Outra medida passa pelo alargamento a todo o território continental do regime de Zona de Grande Procura, para responder ao aumento dos pedidos de ligação à rede elétrica. Em junho de 2025 existiam cerca de 30 GVA de pedidos de ligação pendentes à Rede Nacional de Transporte e outros 9 GVA já atribuídos, mas ainda sem exploração efetiva. Do novo processo resultaram manifestações de interesse correspondentes a 4,6 GVA. A REN identificou a necessidade de um investimento de cerca de 400 milhões de euros para reforçar a rede elétrica.

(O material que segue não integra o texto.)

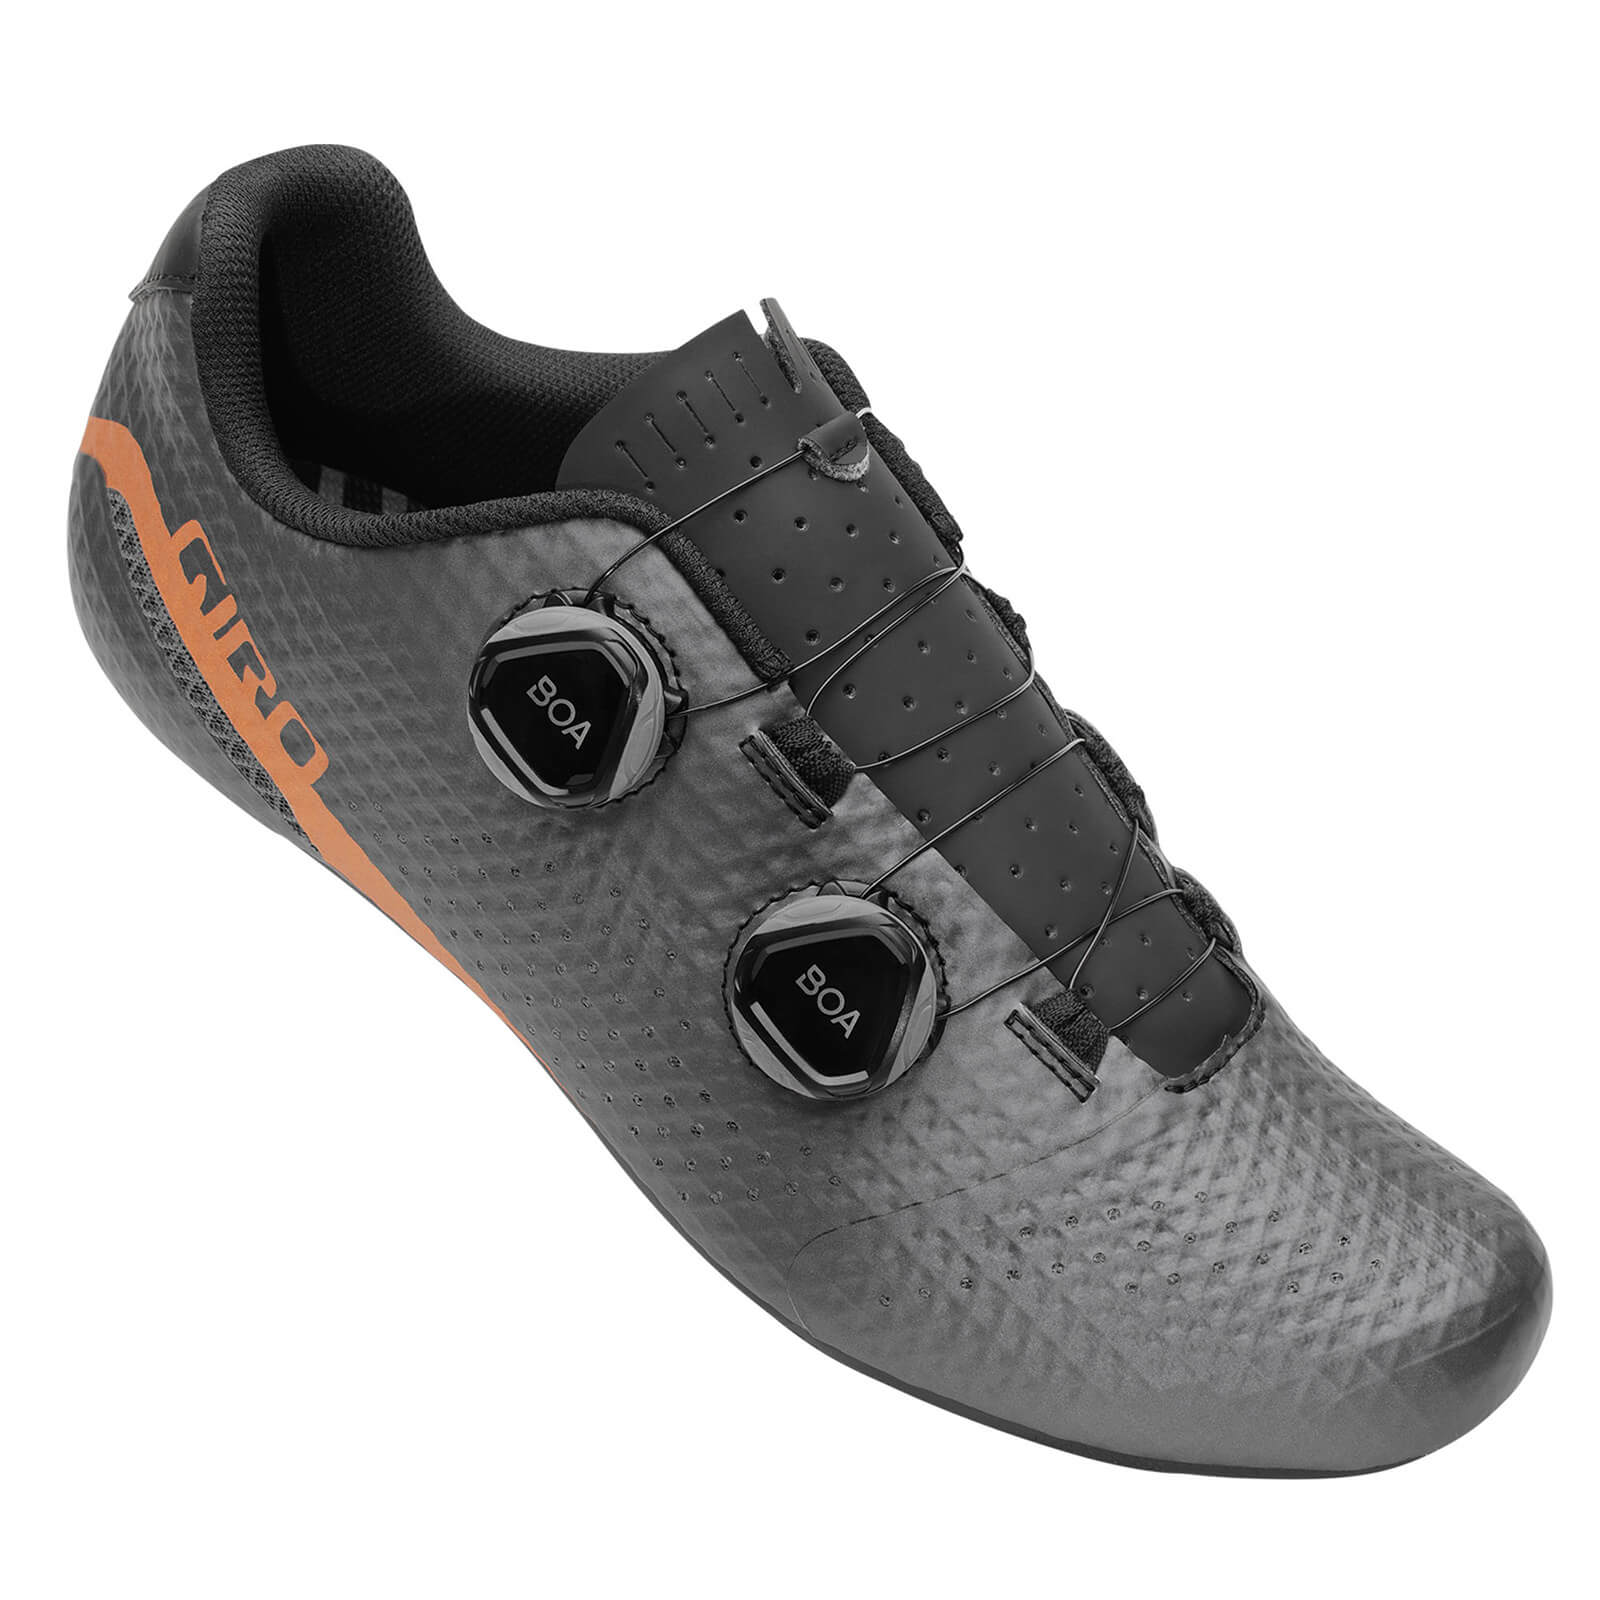 Giro Regime Road Shoe - EU 42 - Black/Copper

A transposição da RED III inclui também o desenvolvimento das Zonas de Aceleração da Implantação de Energias Renováveis, designadas ZAER, ou “Mapa Verde”, destinadas a simplificar e acelerar a instalação de novos projetos renováveis.

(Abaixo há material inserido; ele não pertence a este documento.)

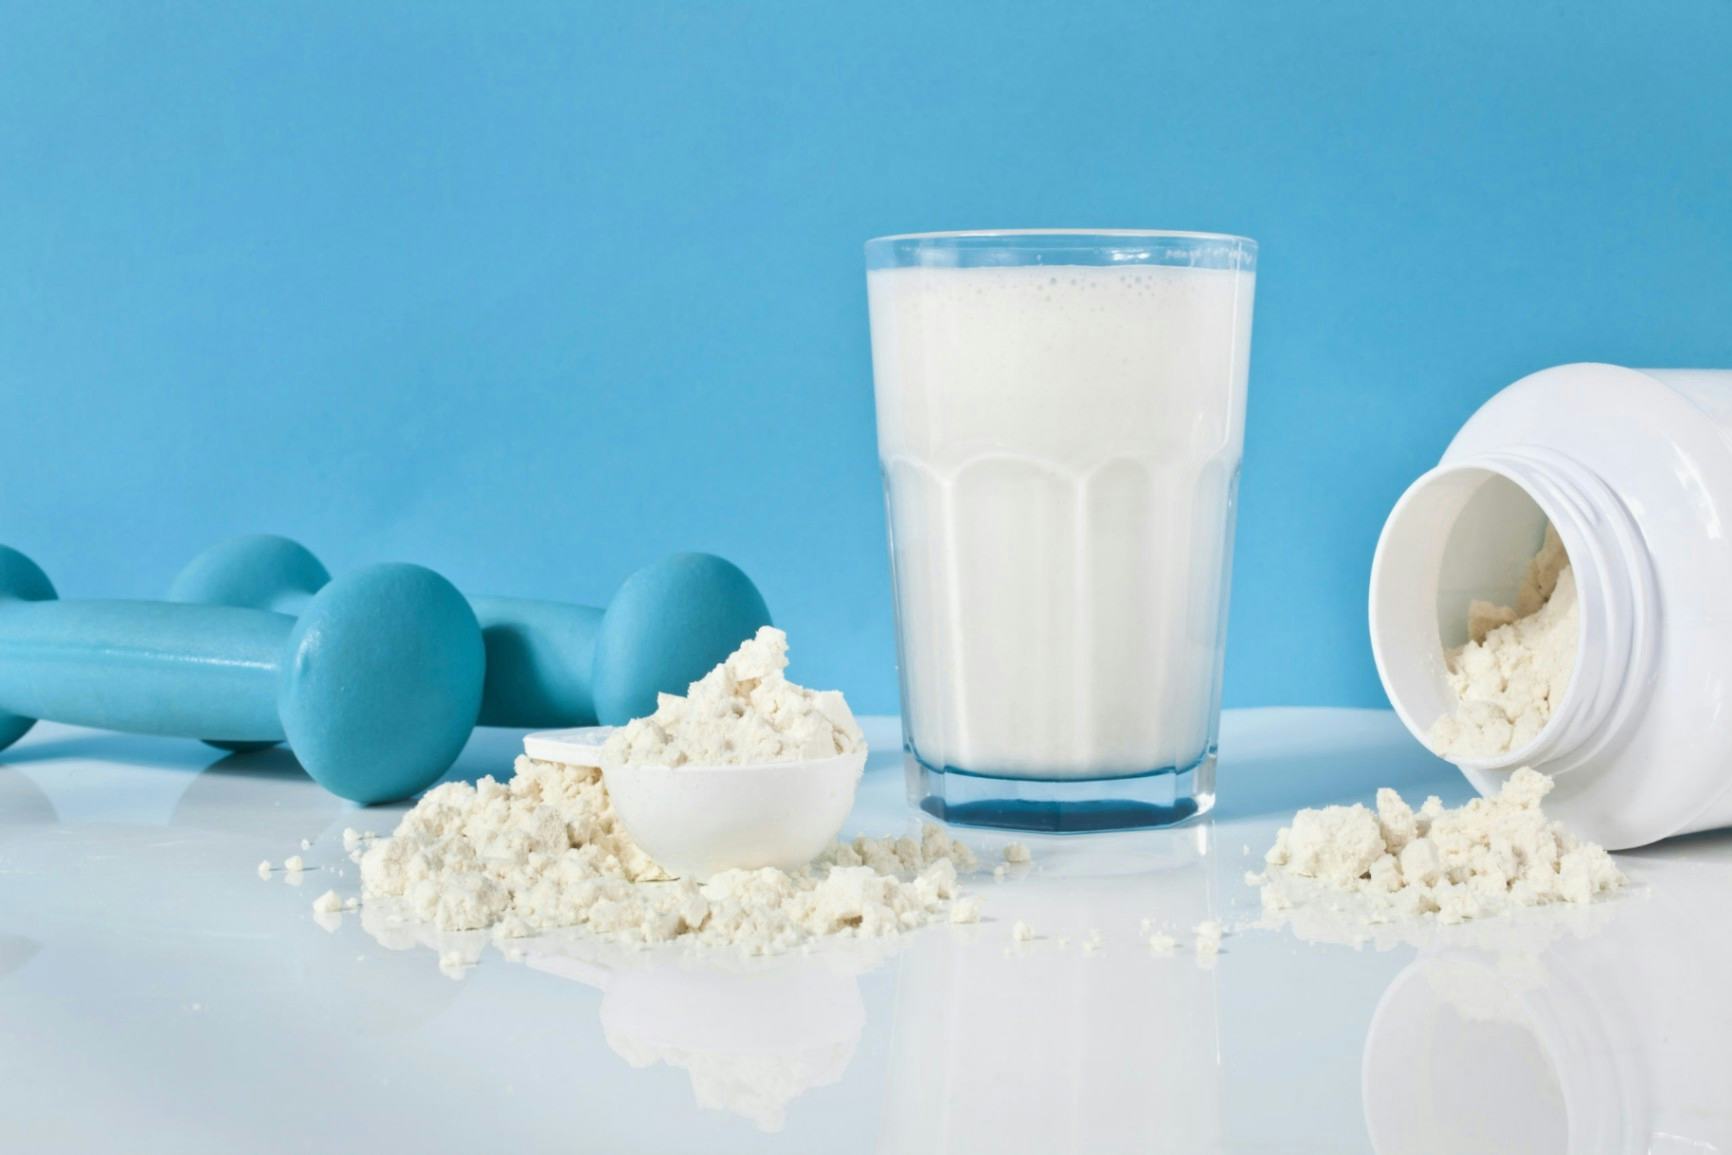 SL milk powder use dropped more than half

Na biomassa, foi introduzida uma nova definição de biomassa florestal residual, com o objetivo de assegurar uma utilização mais sustentável dos recursos florestais e evitar a queima indiscriminada de madeira para produção de eletricidade.
O Governo prevê ainda atribuir 60 MW de capacidade ao abrigo do regime revisto e atualizar a remuneração das centrais, valorizando o seu contributo para a gestão da floresta e prevenção de incêndios.
O biometano assume igualmente um papel central na estratégia energética nacional. O Governo está a desenvolver incentivos à produção deste gás renovável, metas de incorporação obrigatória e mecanismos regulatórios para facilitar a ligação às redes. O objetivo é reforçar a descarbonização da indústria e dos transportes, promover a valorização de resíduos e aumentar a soberania energética do país.
A estratégia inclui ainda investimentos em eficiência energética, eletrificação dos transportes e combustíveis renováveis. Esta semana foi aberto um aviso do Programa Sustentável 2030, com uma dotação de 40 milhões de euros para apoiar investimentos em eficiência energética e hídrica nos edifícios públicos da Administração Central, com apoios que podem atingir 85% a fundo perdido.
Segundo a Ministra do Ambiente e Energia, a próxima fase da transição energética exige maior rapidez na execução dos investimentos e na concretização dos projetos, para garantir que Portugal mantém a posição de liderança europeia na produção de energia renovável.
O conjunto de medidas integra o objetivo de reduzir em 50% a dependência nacional dos combustíveis fósseis até 2035, através do reforço das redes, do armazenamento de energia, da produção renovável e dos combustíveis de baixo carbono.